■ Exercise: Given the records below, would you repeat exactly the lines that begin at the one containing "阜阳师范学院2016年省外艺术类专业校考招生简章" and end at the one containing "23 Einzigartig Küchen", inclusive?

-----

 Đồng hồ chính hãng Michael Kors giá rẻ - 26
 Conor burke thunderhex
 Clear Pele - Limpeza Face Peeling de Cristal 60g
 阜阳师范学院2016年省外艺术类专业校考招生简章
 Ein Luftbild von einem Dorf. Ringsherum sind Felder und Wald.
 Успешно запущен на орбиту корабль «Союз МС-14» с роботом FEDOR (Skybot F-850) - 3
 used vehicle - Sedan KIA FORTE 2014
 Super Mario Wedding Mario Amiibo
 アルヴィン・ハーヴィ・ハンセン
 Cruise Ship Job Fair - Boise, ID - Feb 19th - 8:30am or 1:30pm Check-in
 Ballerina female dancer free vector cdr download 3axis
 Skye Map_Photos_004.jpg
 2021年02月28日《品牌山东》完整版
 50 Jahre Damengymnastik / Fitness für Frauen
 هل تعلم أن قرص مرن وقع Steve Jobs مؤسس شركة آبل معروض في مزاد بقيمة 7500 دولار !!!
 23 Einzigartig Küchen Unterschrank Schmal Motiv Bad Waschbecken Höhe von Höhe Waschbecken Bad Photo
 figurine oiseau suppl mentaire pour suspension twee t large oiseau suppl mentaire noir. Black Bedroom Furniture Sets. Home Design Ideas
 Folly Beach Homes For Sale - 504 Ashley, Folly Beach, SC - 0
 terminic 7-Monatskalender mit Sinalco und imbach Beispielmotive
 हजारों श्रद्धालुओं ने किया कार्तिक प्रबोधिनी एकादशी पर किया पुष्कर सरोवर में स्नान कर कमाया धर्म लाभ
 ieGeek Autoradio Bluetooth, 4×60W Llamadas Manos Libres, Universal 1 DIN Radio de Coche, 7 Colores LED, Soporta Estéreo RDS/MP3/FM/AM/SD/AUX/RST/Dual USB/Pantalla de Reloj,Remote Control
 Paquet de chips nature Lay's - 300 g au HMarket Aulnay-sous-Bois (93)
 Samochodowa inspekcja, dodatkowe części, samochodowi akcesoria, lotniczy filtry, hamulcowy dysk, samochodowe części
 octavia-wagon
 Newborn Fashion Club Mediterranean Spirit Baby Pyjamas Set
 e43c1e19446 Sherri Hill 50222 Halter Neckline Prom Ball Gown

-----

■ The answer:
 阜阳师范学院2016年省外艺术类专业校考招生简章
 Ein Luftbild von einem Dorf. Ringsherum sind Felder und Wald.
 Успешно запущен на орбиту корабль «Союз МС-14» с роботом FEDOR (Skybot F-850) - 3
 used vehicle - Sedan KIA FORTE 2014
 Super Mario Wedding Mario Amiibo
 アルヴィン・ハーヴィ・ハンセン
 Cruise Ship Job Fair - Boise, ID - Feb 19th - 8:30am or 1:30pm Check-in
 Ballerina female dancer free vector cdr download 3axis
 Skye Map_Photos_004.jpg
 2021年02月28日《品牌山东》完整版
 50 Jahre Damengymnastik / Fitness für Frauen
 هل تعلم أن قرص مرن وقع Steve Jobs مؤسس شركة آبل معروض في مزاد بقيمة 7500 دولار !!!
 23 Einzigartig Küchen Unterschrank Schmal Motiv Bad Waschbecken Höhe von Höhe Waschbecken Bad Photo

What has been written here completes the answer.